- **Records from a dataset**

· · ·

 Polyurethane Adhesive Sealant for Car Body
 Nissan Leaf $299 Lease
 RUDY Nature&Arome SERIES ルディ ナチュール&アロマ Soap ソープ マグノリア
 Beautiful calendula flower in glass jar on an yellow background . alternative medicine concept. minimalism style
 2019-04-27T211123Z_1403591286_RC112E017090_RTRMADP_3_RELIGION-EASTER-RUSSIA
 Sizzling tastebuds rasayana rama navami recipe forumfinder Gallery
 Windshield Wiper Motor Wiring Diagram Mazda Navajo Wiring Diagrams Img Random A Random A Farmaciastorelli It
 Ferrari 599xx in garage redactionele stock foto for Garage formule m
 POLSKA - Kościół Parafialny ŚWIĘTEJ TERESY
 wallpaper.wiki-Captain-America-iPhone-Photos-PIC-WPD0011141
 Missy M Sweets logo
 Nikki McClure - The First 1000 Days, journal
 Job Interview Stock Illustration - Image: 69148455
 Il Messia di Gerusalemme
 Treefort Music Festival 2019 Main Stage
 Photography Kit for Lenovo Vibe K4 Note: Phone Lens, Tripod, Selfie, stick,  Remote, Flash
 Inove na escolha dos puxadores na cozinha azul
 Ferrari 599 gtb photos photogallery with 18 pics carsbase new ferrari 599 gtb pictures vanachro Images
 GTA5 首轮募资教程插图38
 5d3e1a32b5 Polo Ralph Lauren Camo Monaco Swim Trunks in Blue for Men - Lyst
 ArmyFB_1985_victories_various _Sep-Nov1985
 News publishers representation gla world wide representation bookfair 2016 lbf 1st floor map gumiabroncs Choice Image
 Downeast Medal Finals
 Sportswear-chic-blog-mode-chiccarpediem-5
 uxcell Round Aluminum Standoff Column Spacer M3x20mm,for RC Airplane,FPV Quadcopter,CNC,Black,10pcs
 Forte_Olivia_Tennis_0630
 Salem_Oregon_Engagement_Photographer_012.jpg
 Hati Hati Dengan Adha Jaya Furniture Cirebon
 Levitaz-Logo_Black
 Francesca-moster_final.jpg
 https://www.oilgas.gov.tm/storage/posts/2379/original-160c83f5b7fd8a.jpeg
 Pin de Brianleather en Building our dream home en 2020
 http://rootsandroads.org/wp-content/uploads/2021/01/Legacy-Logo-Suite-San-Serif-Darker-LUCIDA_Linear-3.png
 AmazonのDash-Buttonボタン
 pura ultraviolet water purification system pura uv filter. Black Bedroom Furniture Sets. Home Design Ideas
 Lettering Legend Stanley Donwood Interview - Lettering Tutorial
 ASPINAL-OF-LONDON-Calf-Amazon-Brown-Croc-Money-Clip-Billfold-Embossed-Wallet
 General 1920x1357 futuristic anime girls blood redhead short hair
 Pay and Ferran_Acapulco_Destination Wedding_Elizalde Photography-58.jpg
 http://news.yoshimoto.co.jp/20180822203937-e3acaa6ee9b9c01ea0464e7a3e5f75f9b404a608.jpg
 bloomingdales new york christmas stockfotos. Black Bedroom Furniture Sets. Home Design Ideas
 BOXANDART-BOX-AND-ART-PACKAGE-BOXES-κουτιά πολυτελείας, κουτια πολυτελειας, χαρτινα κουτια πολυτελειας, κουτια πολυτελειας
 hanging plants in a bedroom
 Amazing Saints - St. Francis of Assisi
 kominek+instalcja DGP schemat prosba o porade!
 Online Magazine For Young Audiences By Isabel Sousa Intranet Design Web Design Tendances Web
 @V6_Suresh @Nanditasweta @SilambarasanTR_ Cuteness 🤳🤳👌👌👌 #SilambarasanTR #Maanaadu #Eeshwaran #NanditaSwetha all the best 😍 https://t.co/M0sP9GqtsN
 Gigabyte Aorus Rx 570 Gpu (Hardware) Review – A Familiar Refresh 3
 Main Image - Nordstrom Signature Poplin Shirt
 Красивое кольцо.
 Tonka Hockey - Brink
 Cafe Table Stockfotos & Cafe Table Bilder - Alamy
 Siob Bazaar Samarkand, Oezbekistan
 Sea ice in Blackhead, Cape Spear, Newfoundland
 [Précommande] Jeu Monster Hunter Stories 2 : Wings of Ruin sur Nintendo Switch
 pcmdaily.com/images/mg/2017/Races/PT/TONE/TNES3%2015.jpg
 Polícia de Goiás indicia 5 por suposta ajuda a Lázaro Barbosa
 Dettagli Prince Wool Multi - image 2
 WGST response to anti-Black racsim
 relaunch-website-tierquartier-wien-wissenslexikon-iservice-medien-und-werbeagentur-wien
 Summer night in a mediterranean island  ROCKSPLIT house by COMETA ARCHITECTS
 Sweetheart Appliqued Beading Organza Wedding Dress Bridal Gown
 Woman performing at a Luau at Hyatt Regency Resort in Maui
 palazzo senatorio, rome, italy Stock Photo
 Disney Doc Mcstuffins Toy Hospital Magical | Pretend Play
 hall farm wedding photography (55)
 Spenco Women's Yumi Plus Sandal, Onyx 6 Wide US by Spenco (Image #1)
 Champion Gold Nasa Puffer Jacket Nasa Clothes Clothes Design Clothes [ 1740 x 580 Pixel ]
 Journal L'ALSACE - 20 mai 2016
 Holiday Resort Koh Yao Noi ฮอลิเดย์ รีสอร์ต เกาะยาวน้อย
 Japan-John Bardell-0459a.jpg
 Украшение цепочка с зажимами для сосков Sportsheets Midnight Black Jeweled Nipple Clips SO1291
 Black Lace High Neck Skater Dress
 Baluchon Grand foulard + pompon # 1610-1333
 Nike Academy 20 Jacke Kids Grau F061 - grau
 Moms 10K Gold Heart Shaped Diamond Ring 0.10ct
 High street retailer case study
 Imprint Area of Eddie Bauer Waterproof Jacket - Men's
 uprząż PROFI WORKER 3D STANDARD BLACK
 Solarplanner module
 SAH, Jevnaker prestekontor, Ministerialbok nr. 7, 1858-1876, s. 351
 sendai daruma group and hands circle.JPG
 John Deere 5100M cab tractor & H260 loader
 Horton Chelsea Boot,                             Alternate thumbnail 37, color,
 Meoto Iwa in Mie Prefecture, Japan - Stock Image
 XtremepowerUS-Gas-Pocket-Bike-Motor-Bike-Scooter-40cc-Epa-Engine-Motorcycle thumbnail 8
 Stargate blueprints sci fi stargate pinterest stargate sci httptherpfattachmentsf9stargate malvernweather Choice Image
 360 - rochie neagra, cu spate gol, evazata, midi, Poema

· · ·

- **WORK INSTRUCTION**
Whenever the word "Main" shows up in a line above, copy that line.

- **SOLUTION TO THE PROBLEM**
 Treefort Music Festival 2019 Main Stage
 Main Image - Nordstrom Signature Poplin Shirt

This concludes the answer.